##### SUPPLIED DATA #####

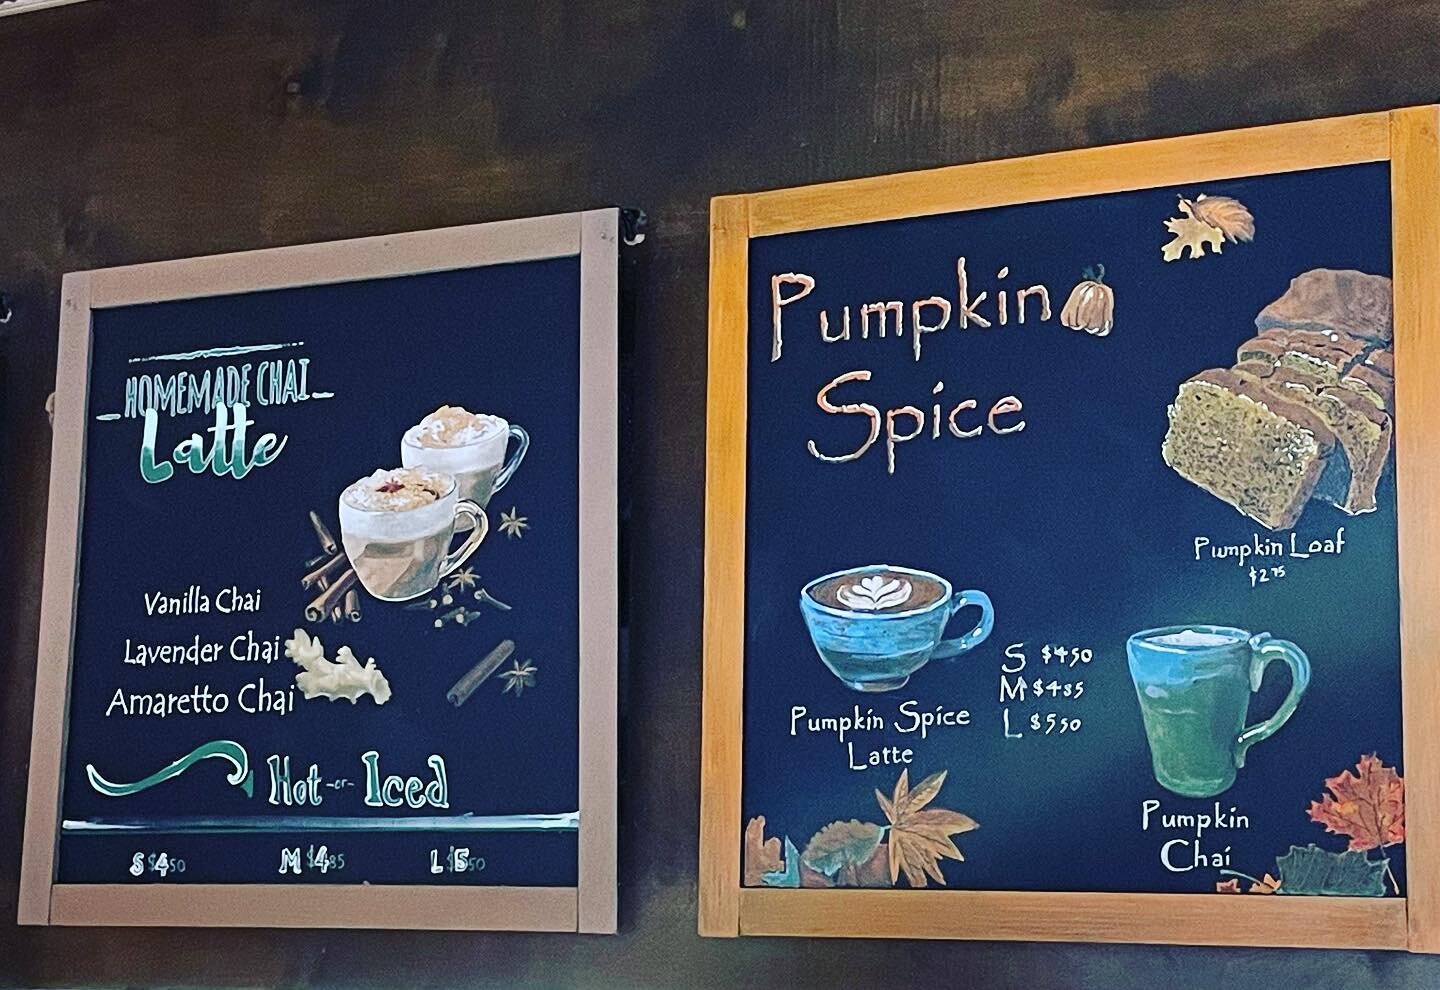 Sri says it&rsquo;s Chai Time, so our Pumpkin Spice menu board has a new neighbor. 

Try our new Vanilla Chai, Lavender Chai, or Amaretto Chai the next time you&rsquo;re in the shop. Iced or hot. You choose.

We&rsquo;re open daily from 6am-6pm. Come

#####

> WHAT TO DO
Please keep every line of the data the same when you reproduce it, and keep every picture out.

> WRITTEN SOLUTION
 Sri says it&rsquo;s Chai Time, so our Pumpkin Spice menu board has a new neighbor. 

Try our new Vanilla Chai, Lavender Chai, or Amaretto Chai the next time you&rsquo;re in the shop. Iced or hot. You choose.

We&rsquo;re open daily from 6am-6pm. Come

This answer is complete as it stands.